Problem
Your copy of the data should leave out the images and match everything else exactly.

Information supplied

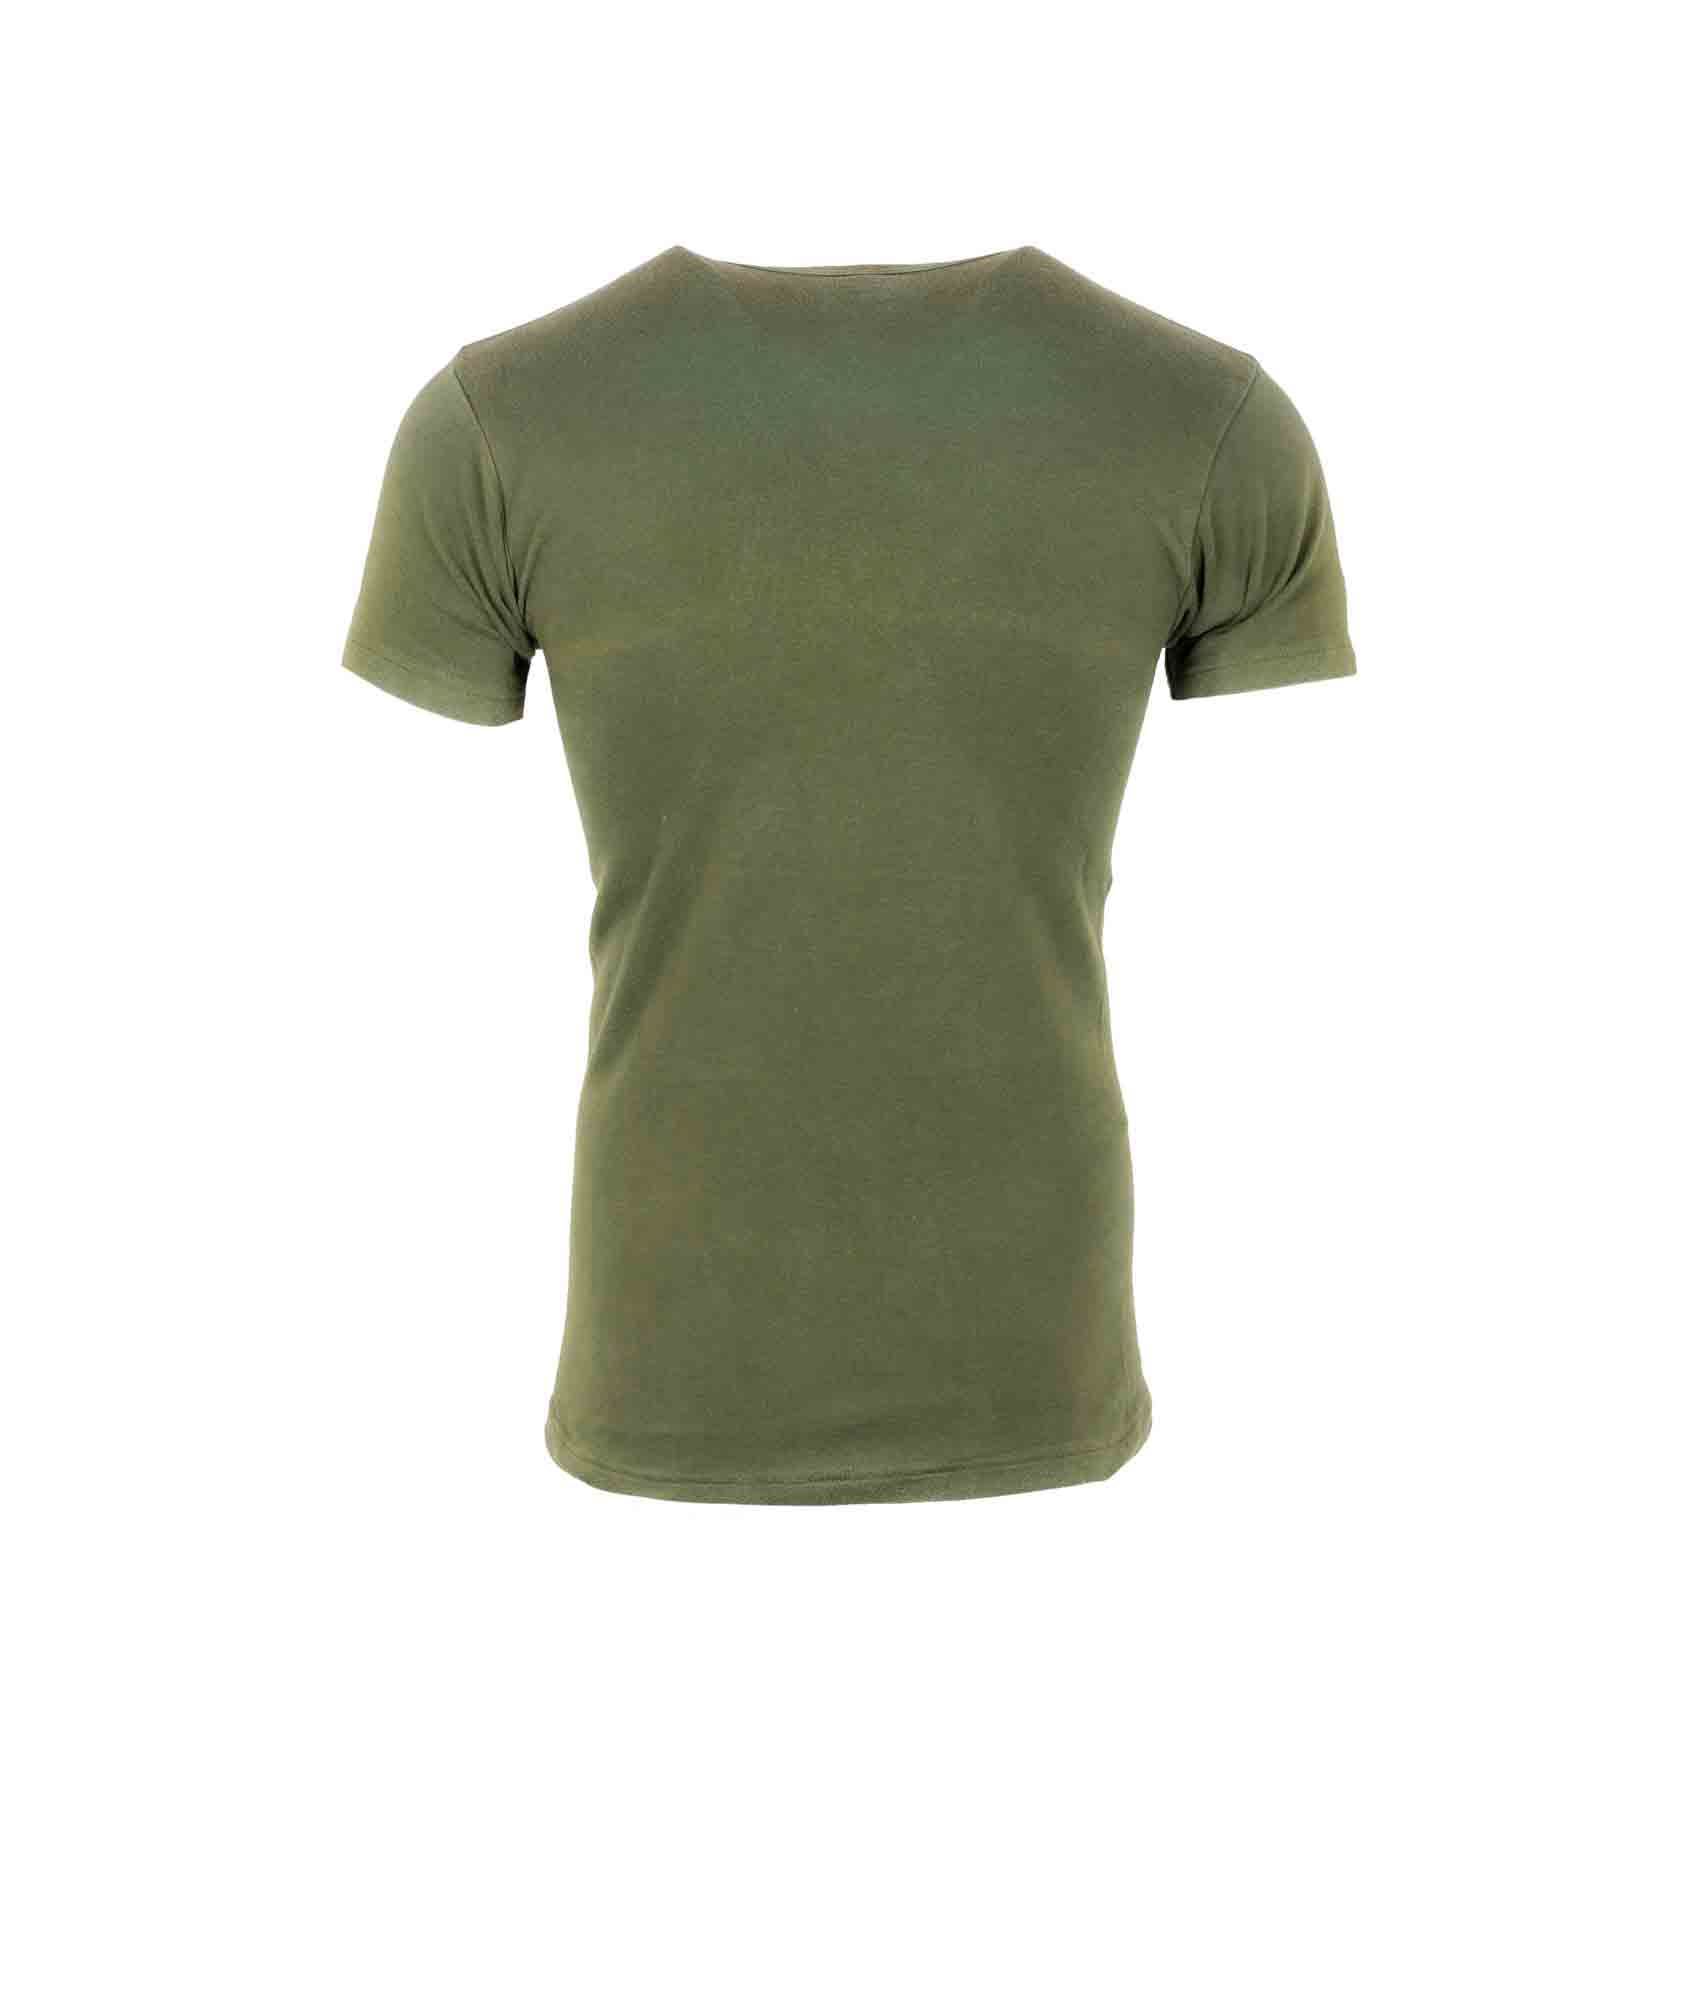 Køb militær T-shirts | Billige T-shirts til mænd 417
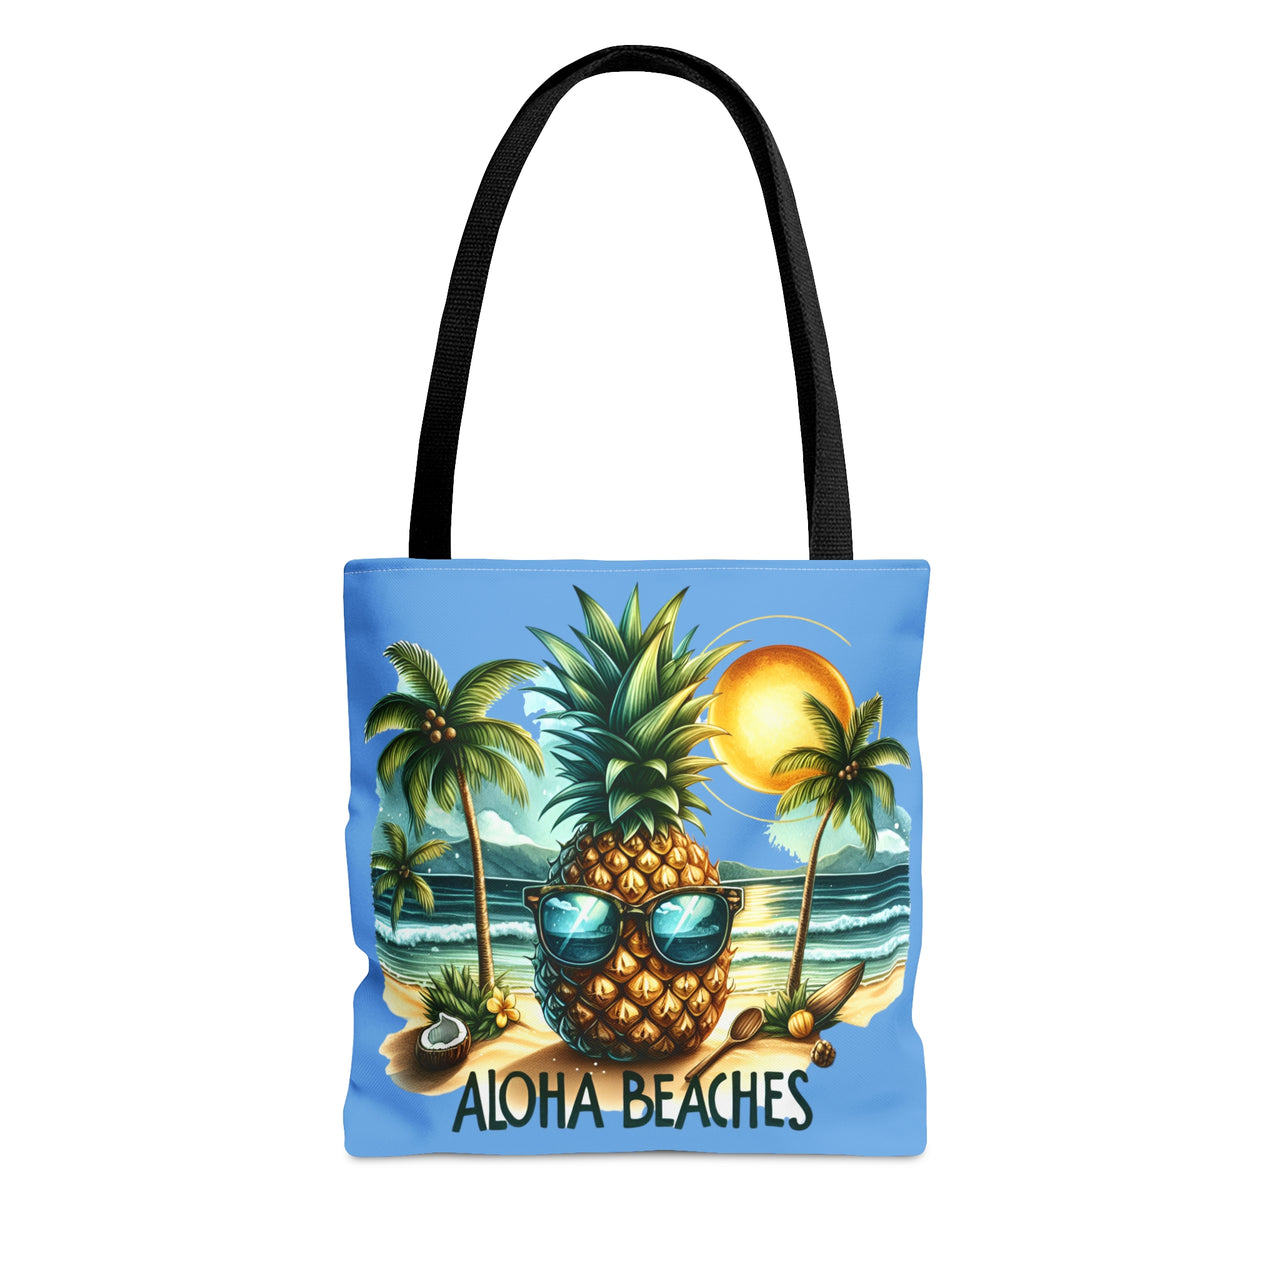 Aloha Beaches Tote Bag
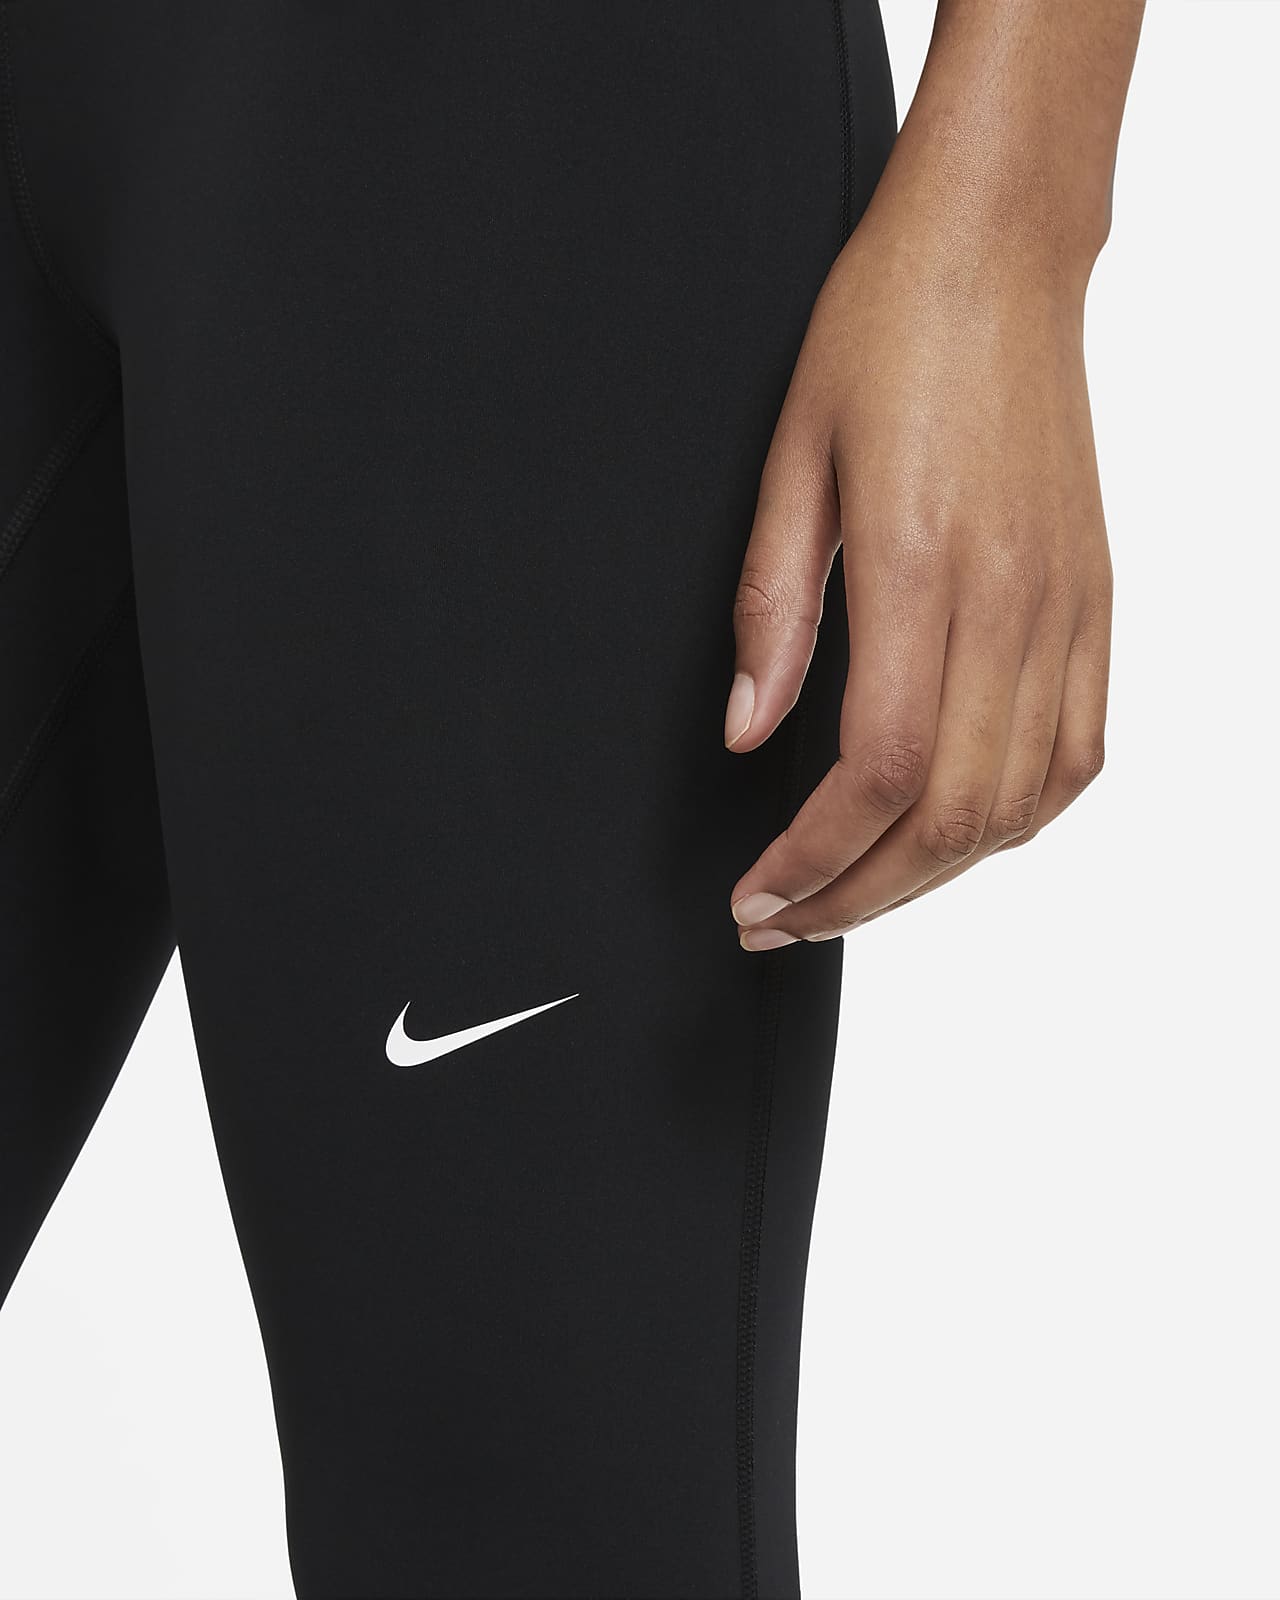 Nike: Women's Pro 365 Crop Tights, Women's

Your response
 Køb militær T-shirts | Billige T-shirts til mænd 417
 Aloha Beaches Tote Bag
 Nike: Women's Pro 365 Crop Tights, Women's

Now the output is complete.